| YOUR OBJECTIVE |
In the records below, find the line holding "Pop Beige Chair" and the line holding "左から、谷川とむ（自民党大阪". Set down both, with every line between them, exactly.

| RECORDS FOR THIS TASK |
# # # # # # #

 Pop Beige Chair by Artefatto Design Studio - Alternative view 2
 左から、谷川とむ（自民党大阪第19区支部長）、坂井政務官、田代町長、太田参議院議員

# # # # # # #

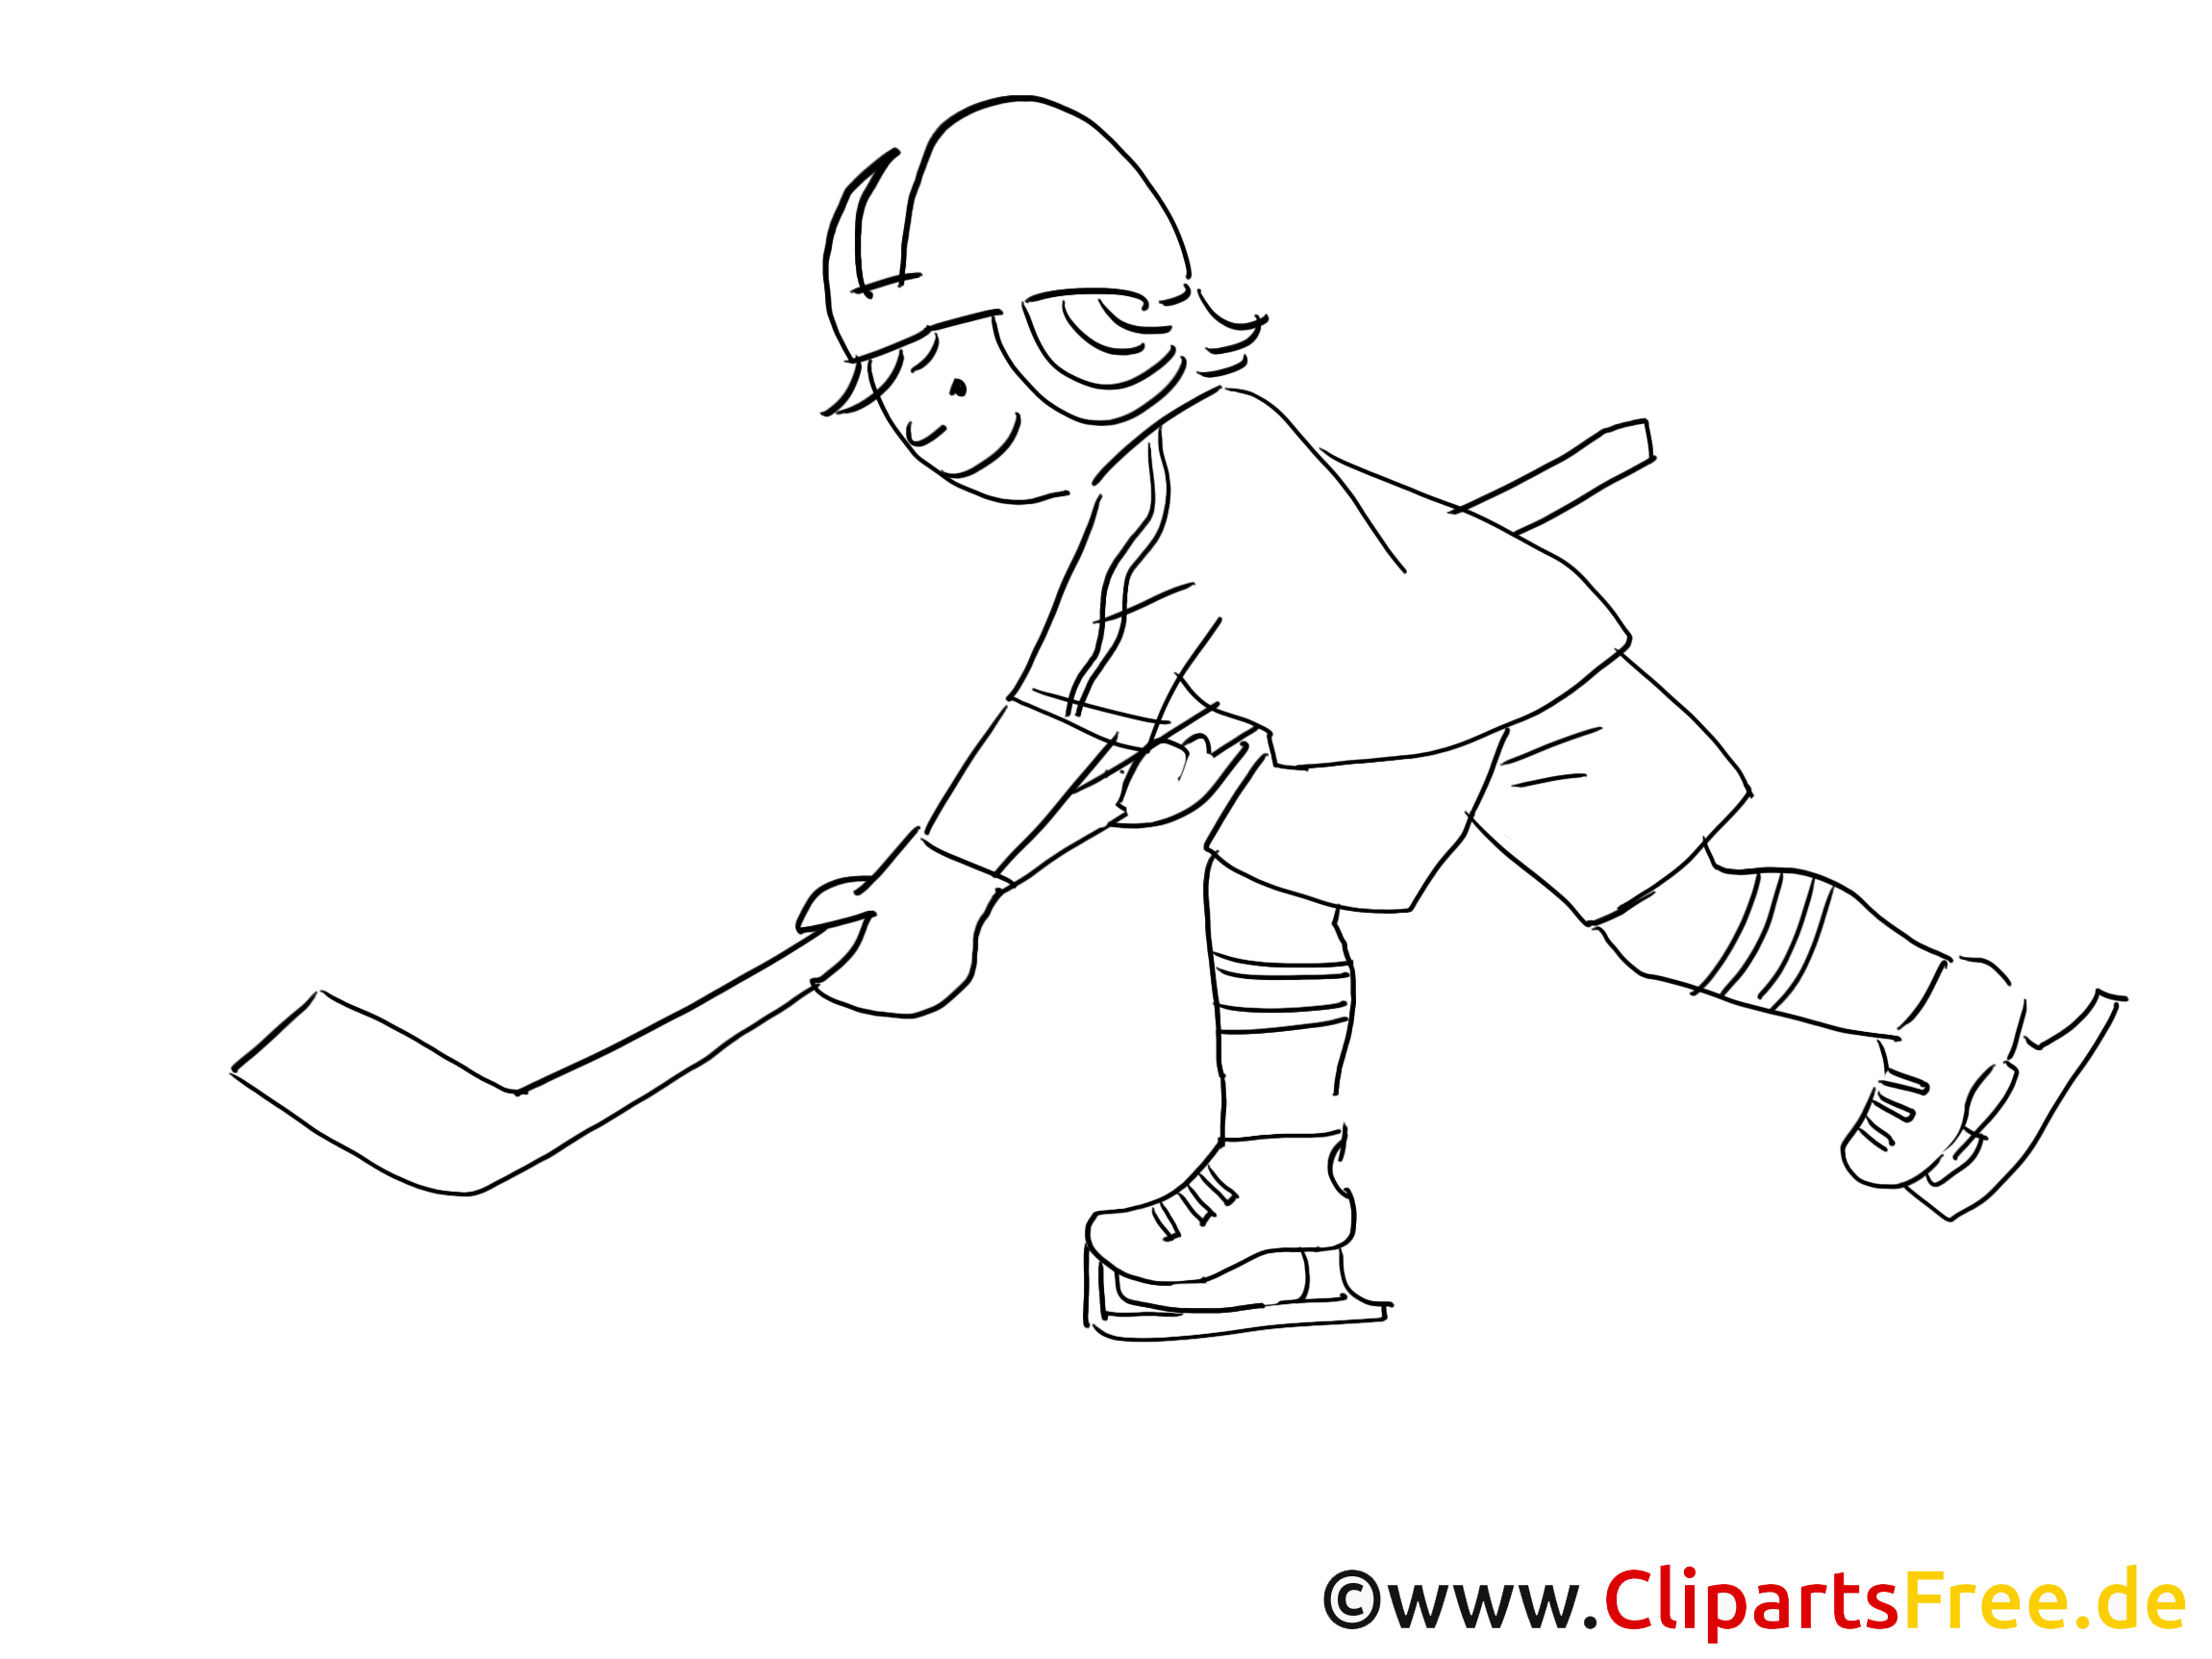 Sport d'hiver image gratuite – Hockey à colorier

# # # # # # #

| OUTPUT FOR THIS TASK |
 Pop Beige Chair by Artefatto Design Studio - Alternative view 2
 左から、谷川とむ（自民党大阪第19区支部長）、坂井政務官、田代町長、太田参議院議員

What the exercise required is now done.